_EXERCISE DIRECTIONS_
From the first line to the last, copy the listing exactly and omit the pictures.

_SOURCE DATA_
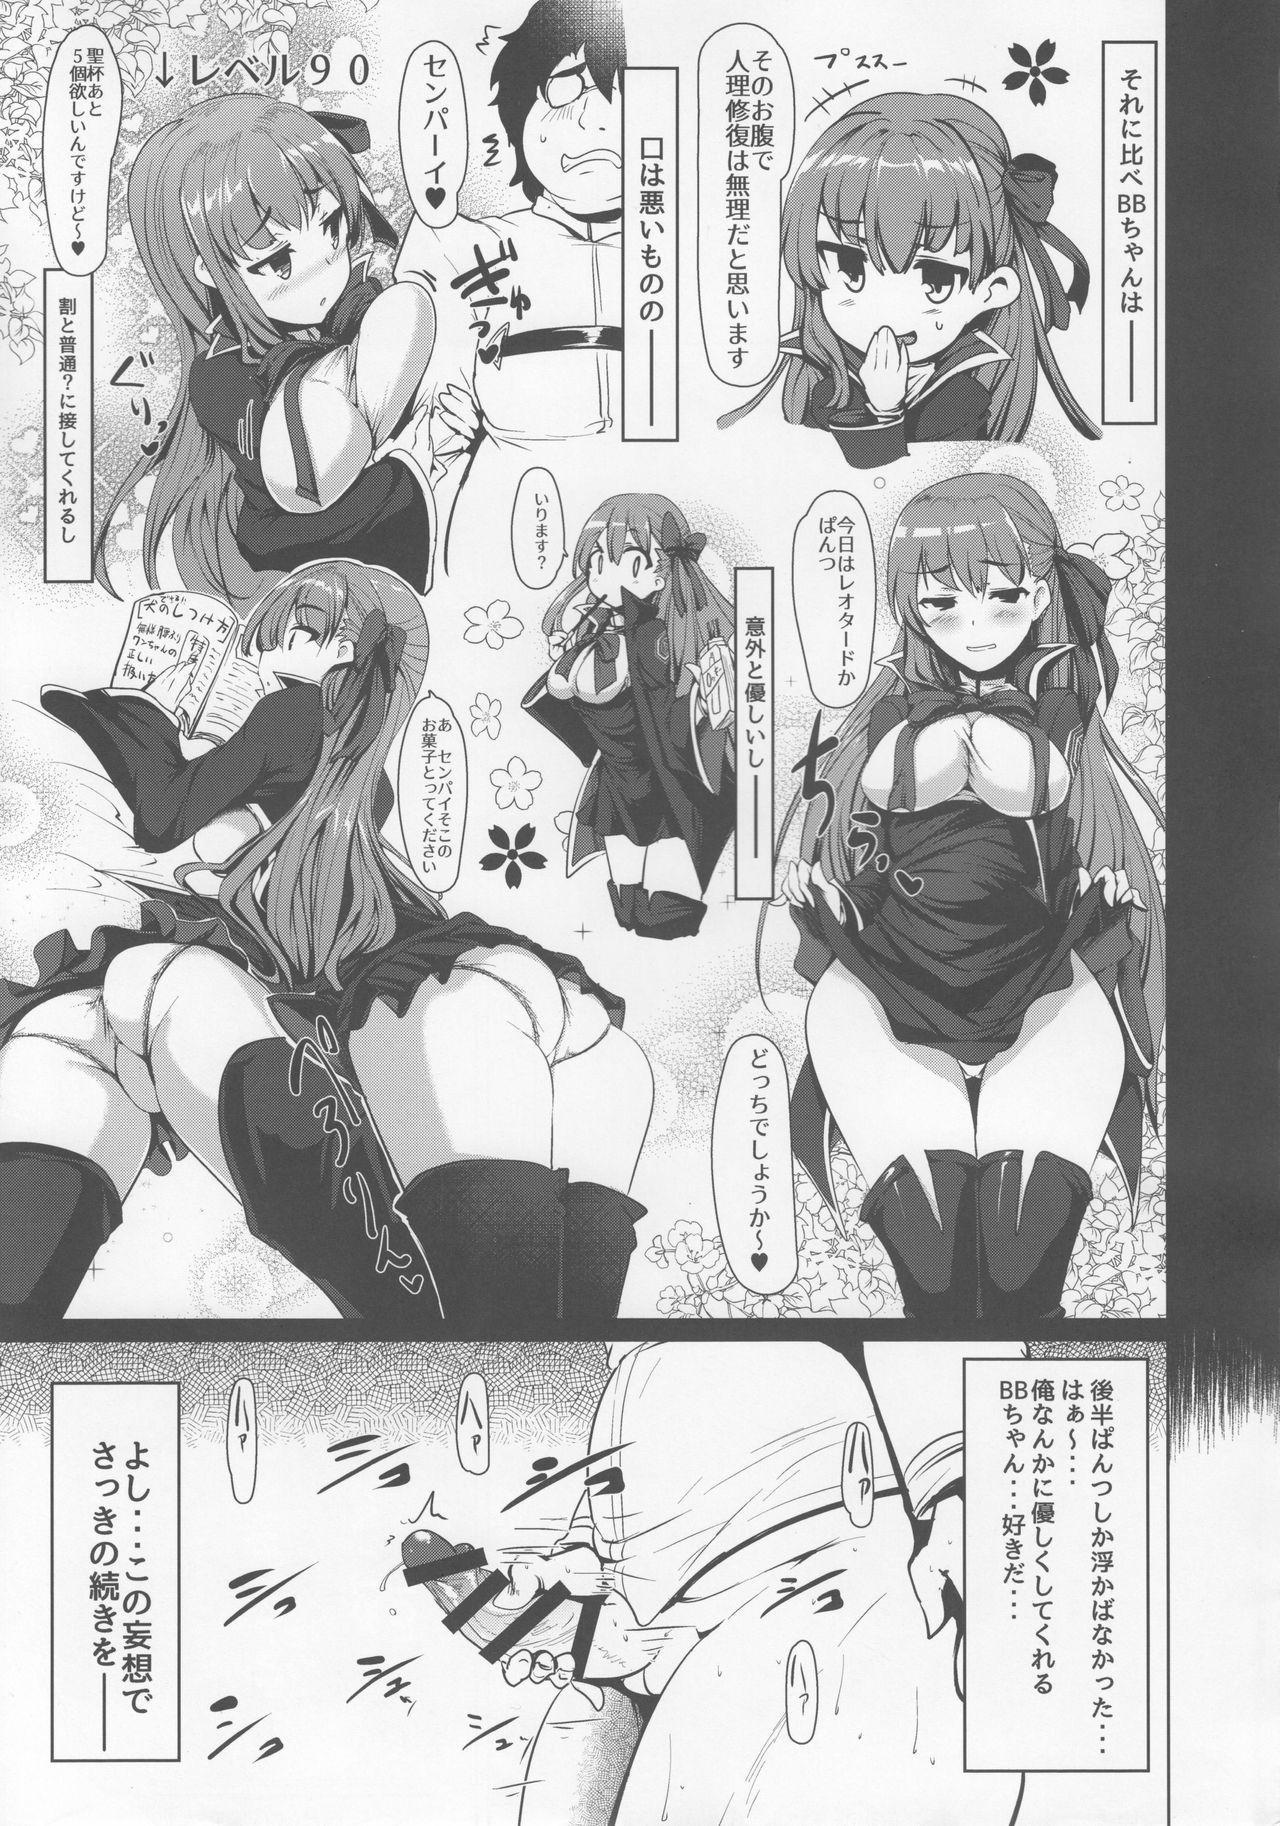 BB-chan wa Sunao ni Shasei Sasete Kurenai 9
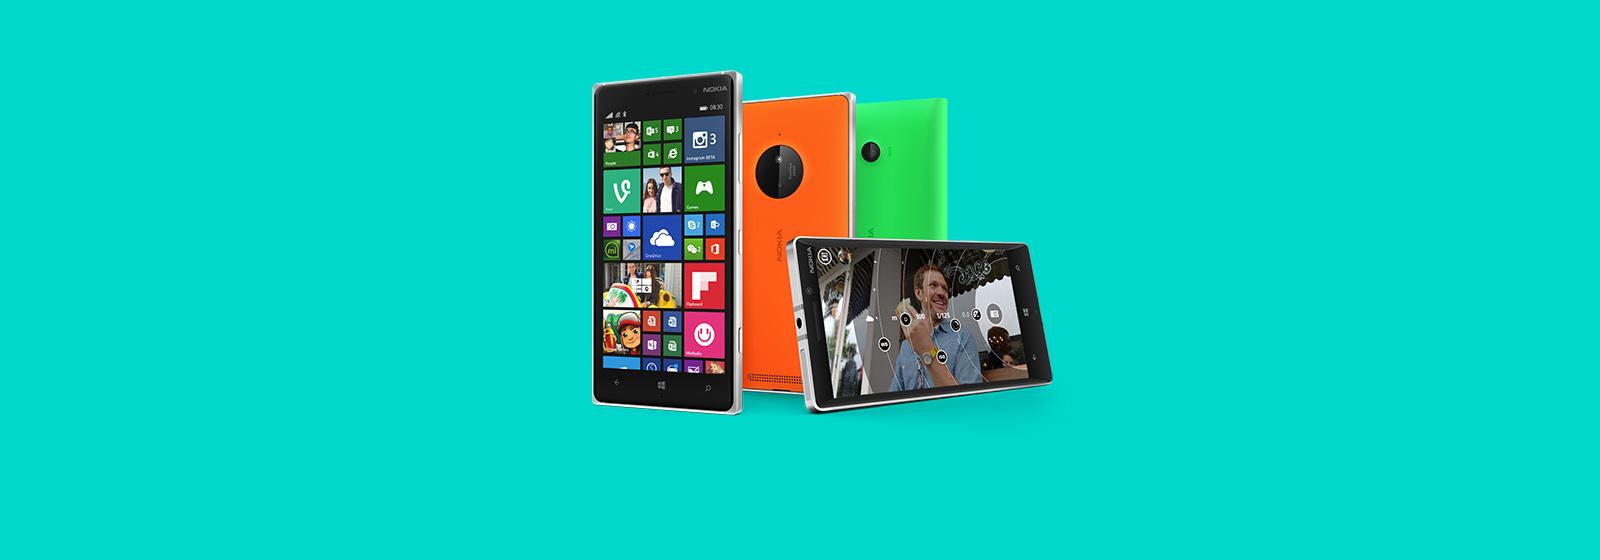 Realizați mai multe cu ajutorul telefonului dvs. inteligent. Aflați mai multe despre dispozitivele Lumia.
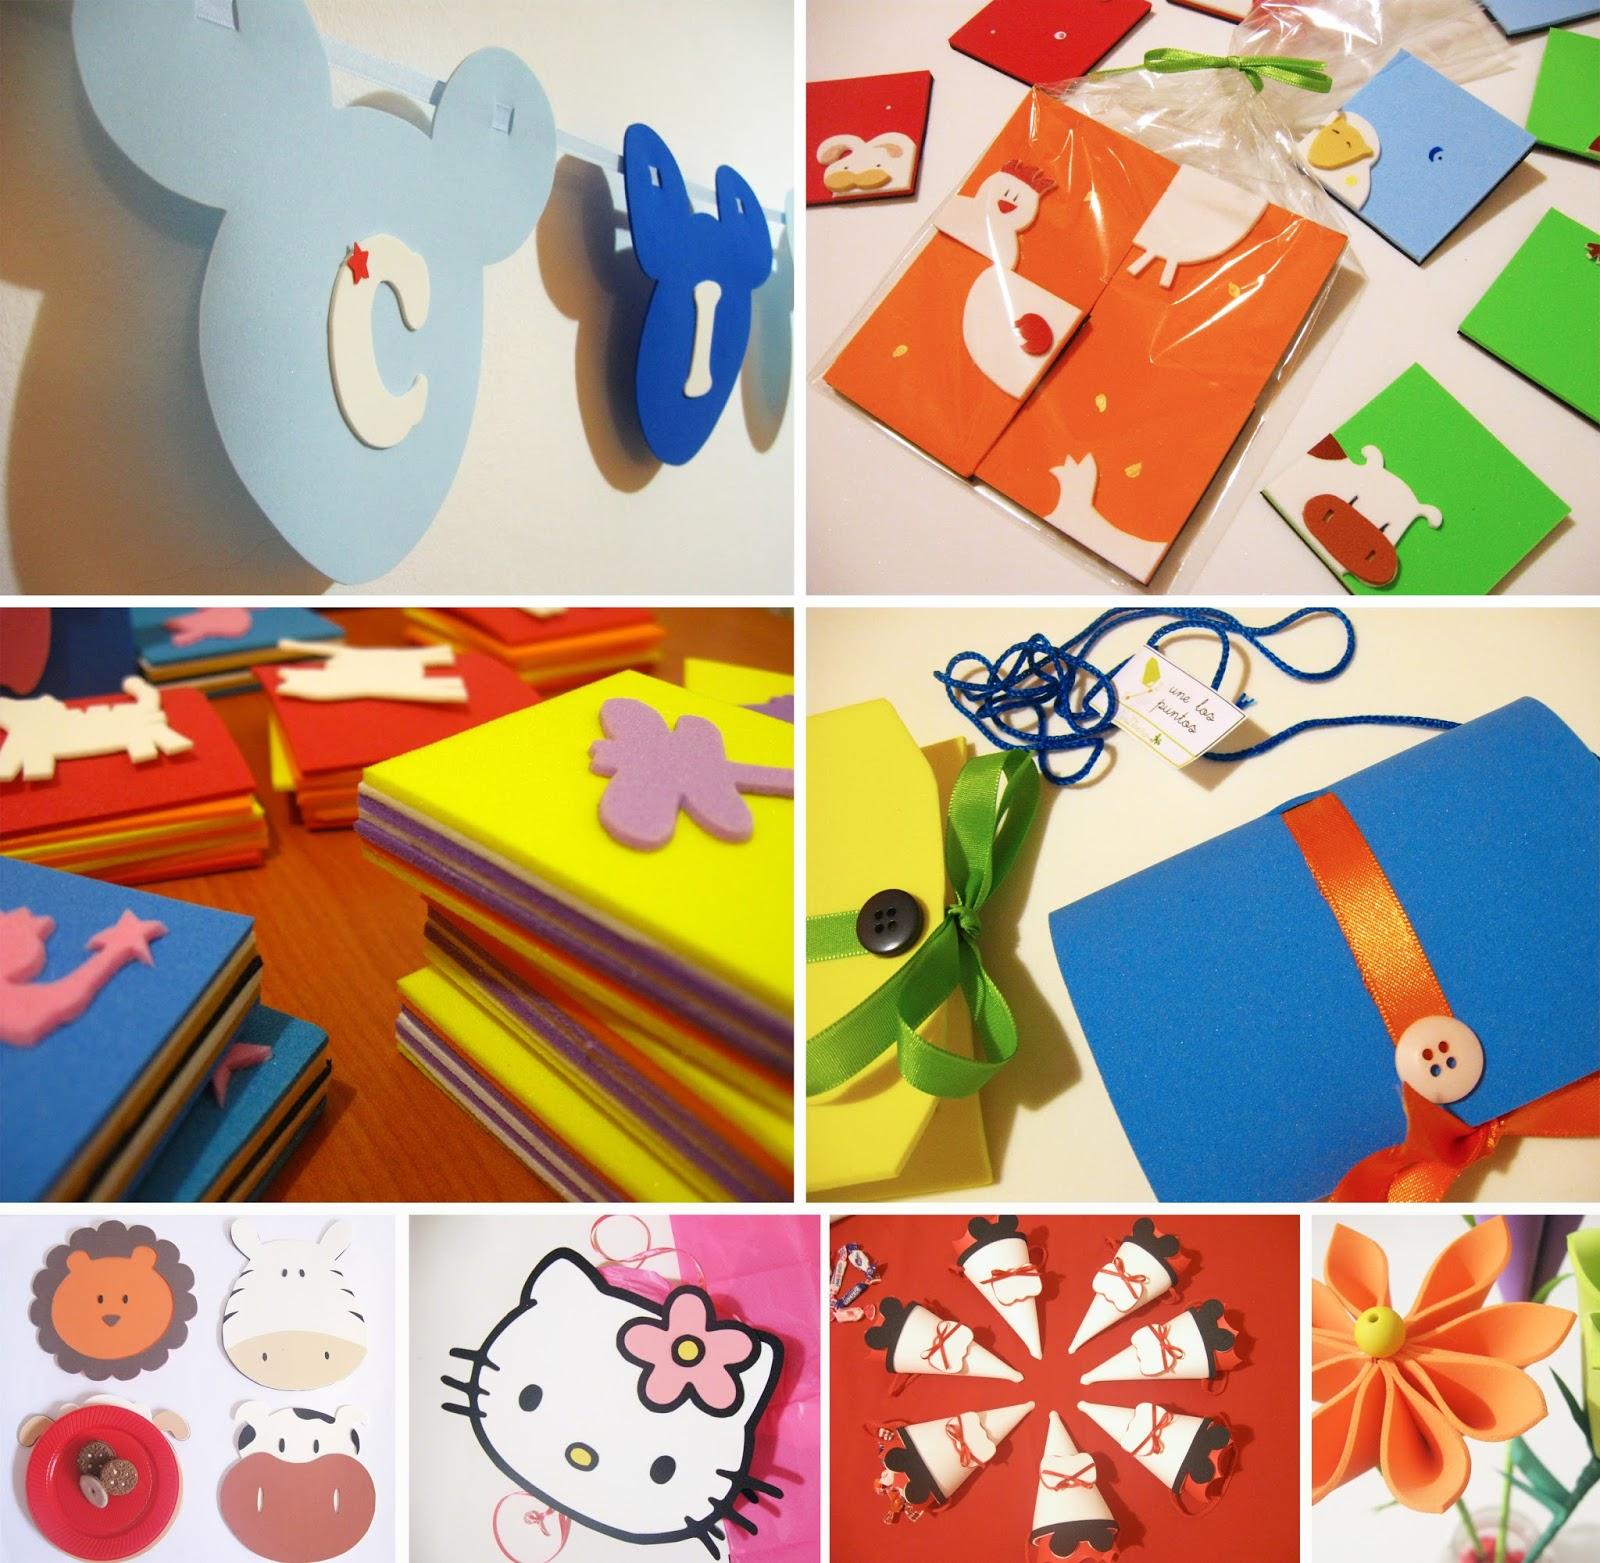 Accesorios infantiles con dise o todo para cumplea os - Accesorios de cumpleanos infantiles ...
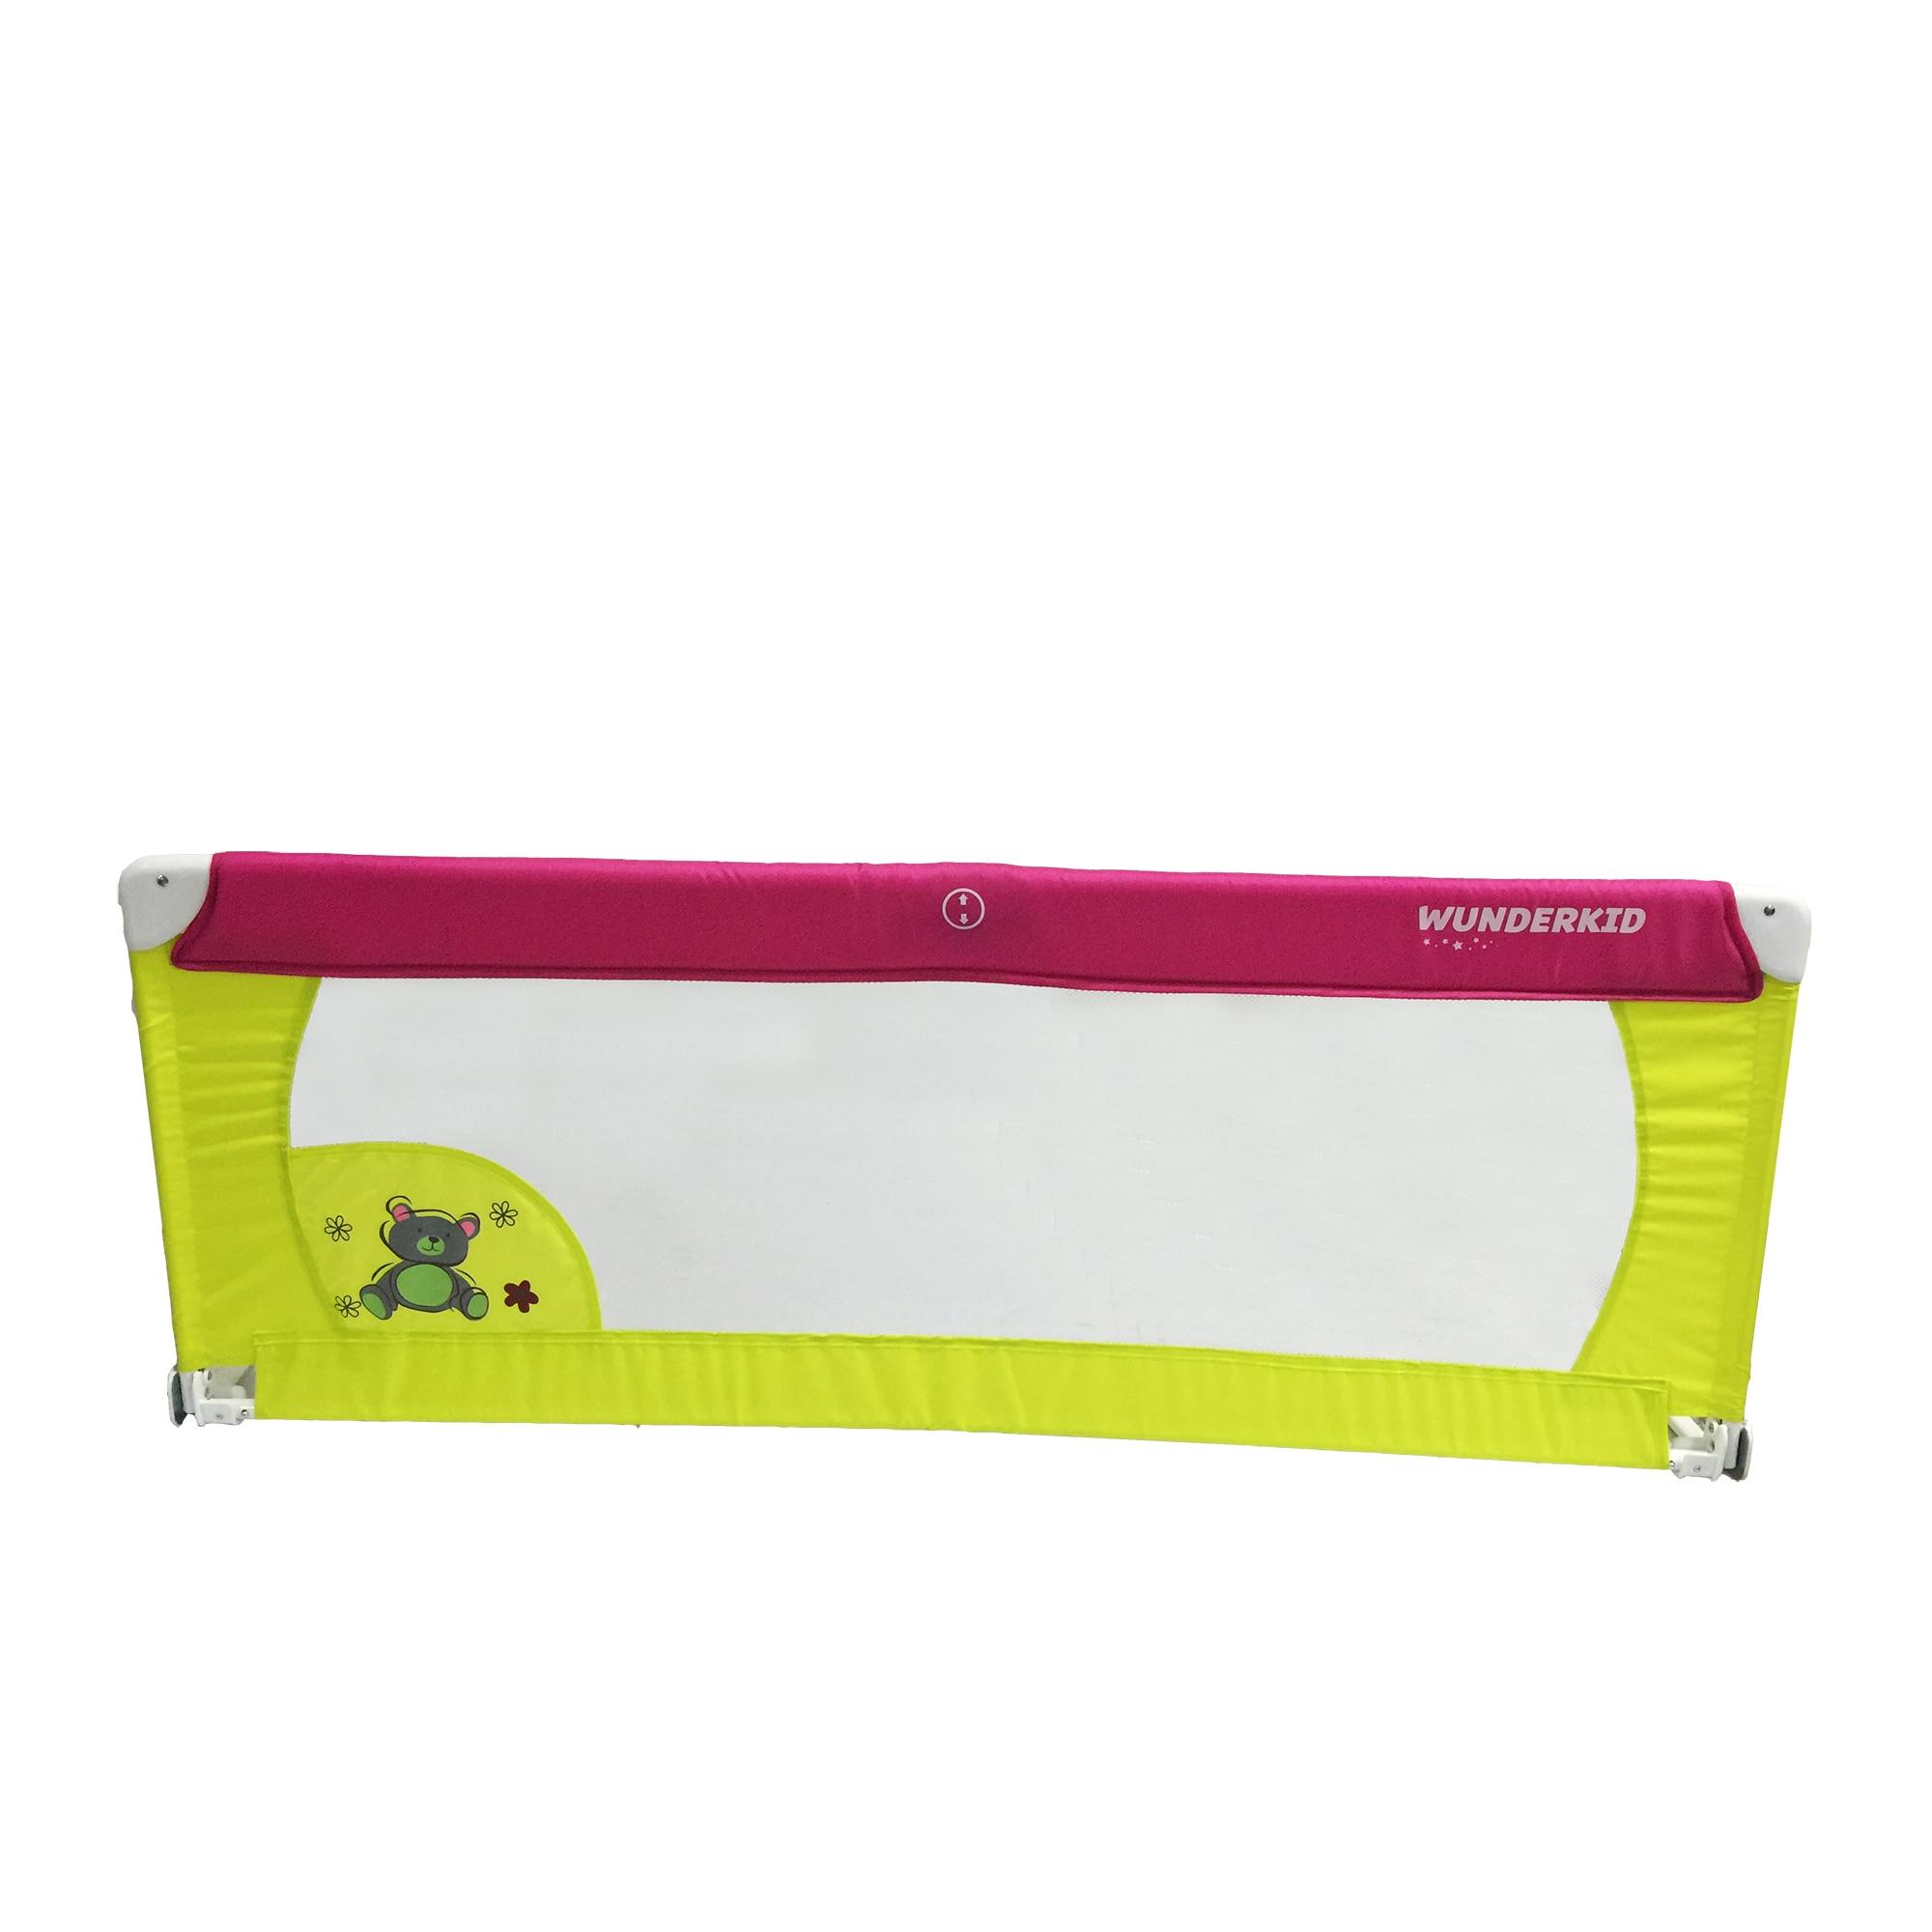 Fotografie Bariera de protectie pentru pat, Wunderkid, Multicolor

_RESPONSE BOX_
 BB-chan wa Sunao ni Shasei Sasete Kurenai 9
 Realizați mai multe cu ajutorul telefonului dvs. inteligent. Aflați mai multe despre dispozitivele Lumia.
 Accesorios infantiles con dise o todo para cumplea os - Accesorios de cumpleanos infantiles ...
 Fotografie Bariera de protectie pentru pat, Wunderkid, Multicolor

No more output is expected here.